The former convent, vacant for decades, is under contract for sale by the Hartford Archdiocese and the Carabetta Companies. The agreement allows the sale to proceed providing Carabetta demolishes the former St. Joseph School at 159 W. Main St. to make way for more parking for St. Joseph Church and the new apartments. That part of the plan was approved by the Zoning Board of Appeals in August. 

The apartment plan was tabled last month to allow attorney Dennis Ceneviva to check with the city’s legal department to see if a variance for a landscape buffer was required to proceed. Ceneviva said the matter was clarified and a variance was not required because the convent was built in 1932 and the city’s zoning laws didn’t go into effect until the 1950s.  

“There was a question on the part of the commission on whether they needed a variance on a landscape buffer because it talked about a nonconforming use,” Ceneviva said. “But the rule came into effect in the 1950s and no variance is needed. It will go before Planning (Commission) again.”  

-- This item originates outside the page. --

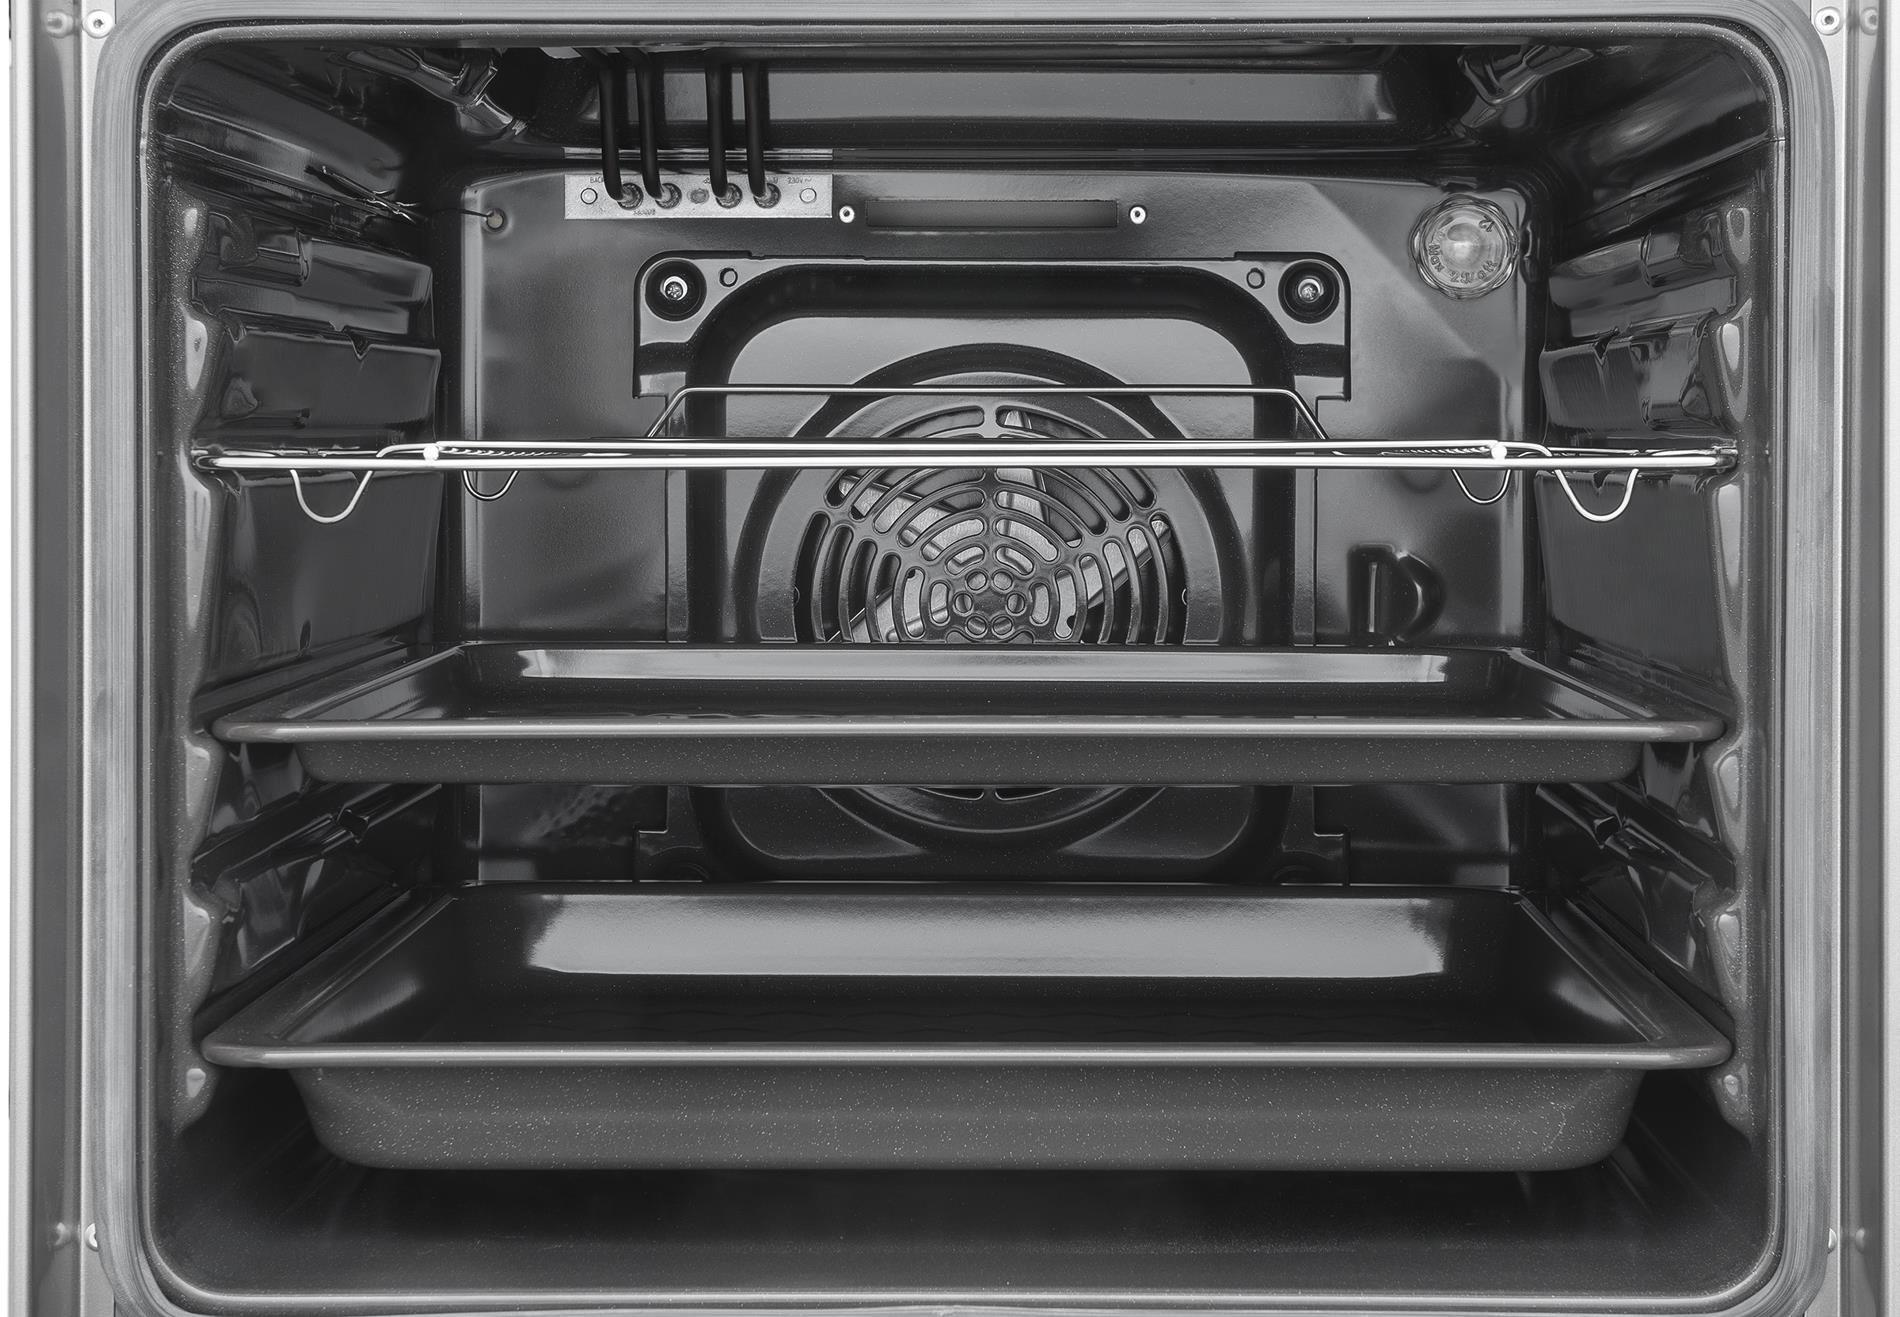 Free standing gas electric cooker 58GED2 33HZpTaQ(Xx)  Amica -> Kuchnie Gazowe Amica Akcesoria

Our Lady Queen of Angels Parish Corp. filed the variance request on behalf of Joe Carabetta, who attended the August meeting with Ceneviva. The plan to build 16 studio apartments in the former convent and the elimination of the school will increase parking for the church and residents.

"The lot at 19 Goodwill Ave. will be split and a new parking lot will be created for the church on 159 West Main St.," Ceneviva said. "This will result in a reduction of parking spaces from 35 to 22 on those two parcels; a total of 84 nonconforming spaces were previously used, including off-street parking."

Ceneviva continued that the consolidation of three city parishes has led to a significant decline in church events. He added letters from two surrounding businesses that said parishioners and church visitors can continue to use their parking lots when needed. There is also on-street parking on Lewis Avenue, West Main Street and Linsley Avenue.

The proposal has the support of the parish and its board, according to testimony from parish board member Mark Dupuis, who is also a former ZBA member.

Crown Street apartments

Ceneviva said plans for a 21-unit garden-style apartment project on Crown Street will likely return before the Planning Commission in November. The 1,200- to 1,300-square-foot apartments or condominium plan was denied in September because of elevation concerns.

The developer’s engineers are working to satisfy commission concerns over potential 100-year flooding.